Per il resto ho sempre spiegato tutto, perché voglio che loro si fidino di me, che sappiano che da me avranno sempre e solo la verità, che se dico no è no e non si discute e devo dire che fino ad oggi questo mio modo di crescerli si è rivelato buono. Sono educati, rispettosi e sanno che se dico no devono stare attenti, perché non scherzo, ma allo stesso tempo, hanno un buon margine di azione.
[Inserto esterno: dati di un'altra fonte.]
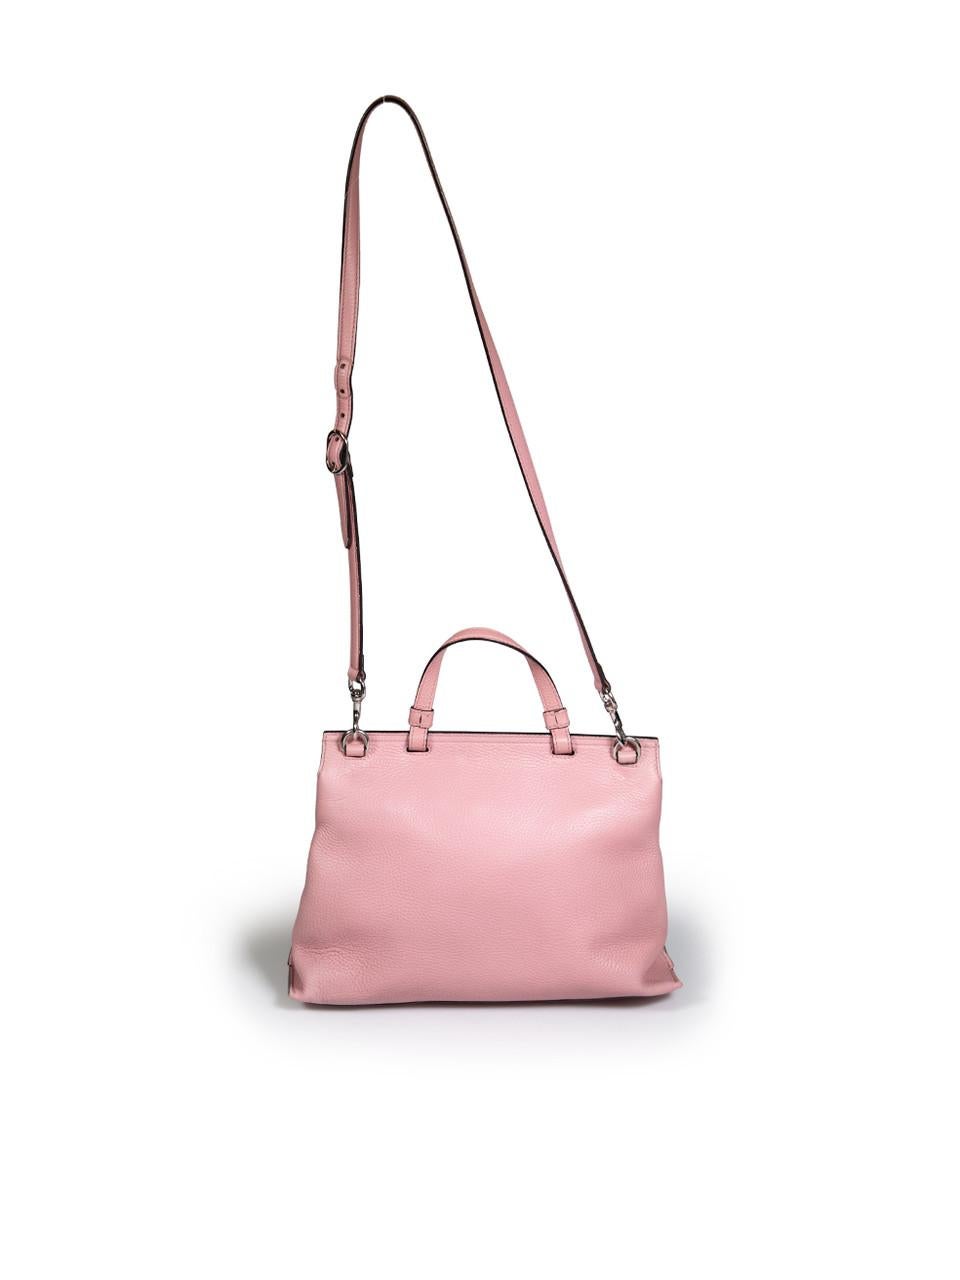 Gucci Pink Leather Medium Bamboo Daily Top Handle Bag In Excellent Condition For Sale In London, GB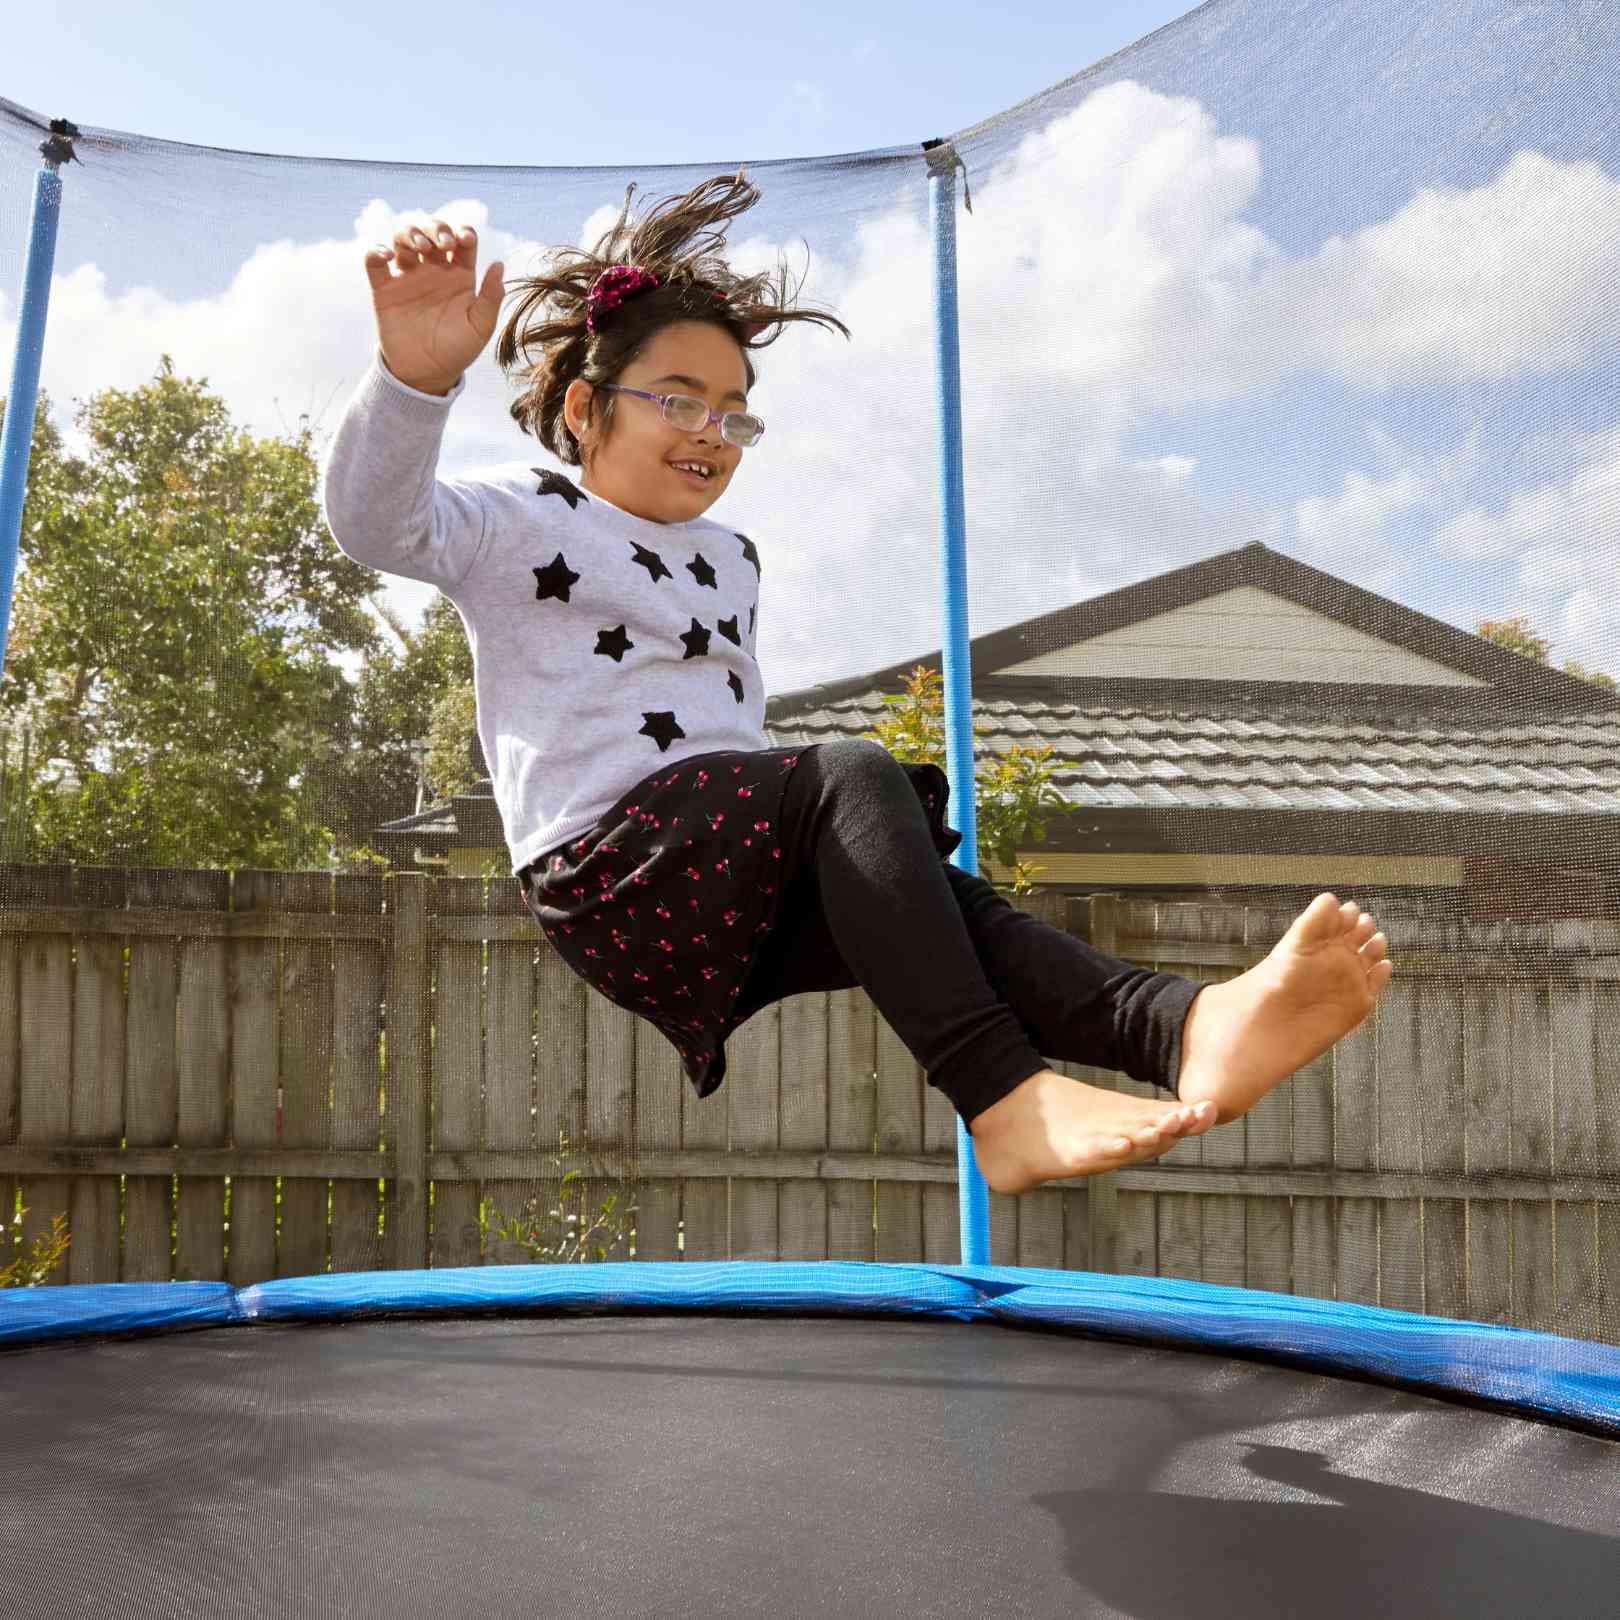 A blind child bouncing on a trampoline

Sperimentare, sbagliare e riderci sopra, perché dagli errori si impara e non bisogna mai prendersi troppo sul serio perché come diceva Edison

chi non sbaglia mai perde un sacco di buone occasioni per imparare

Con gli anni purtroppo mi sono nascosta e ho nascosto i miei figli e la loro diversità perché non riuscivo più a reggere le critiche negative nei miei confronti. Nego l’evidenza e ad alcune persone ho pure negato la disgrafia di Ale, sono stanca di scontrarmi con persone che non capiscono e continuano a giudicare. L’età, la vecchiaia o l’esperienza mi hanno fatto capire che mi posso aprire solo con determinate persone e nascondermi con altre, perché i miei figli hanno tutto il diritto di vivere sereni, di avere una mamma serena che sorrida e che faccia da filtro con chi vuole solo giudicare.

Inutile aggiungere altro direi, Chiara ha espresso perfettamente la condizione delle mamme con i cosiddetti figli speciali, termine che non mi piace. I figli sono tali e basta e dovremmo essere noi genitori a comprenderlo, quando invece siamo sempre i primi a giudicare quelli altrui. Alla prossima!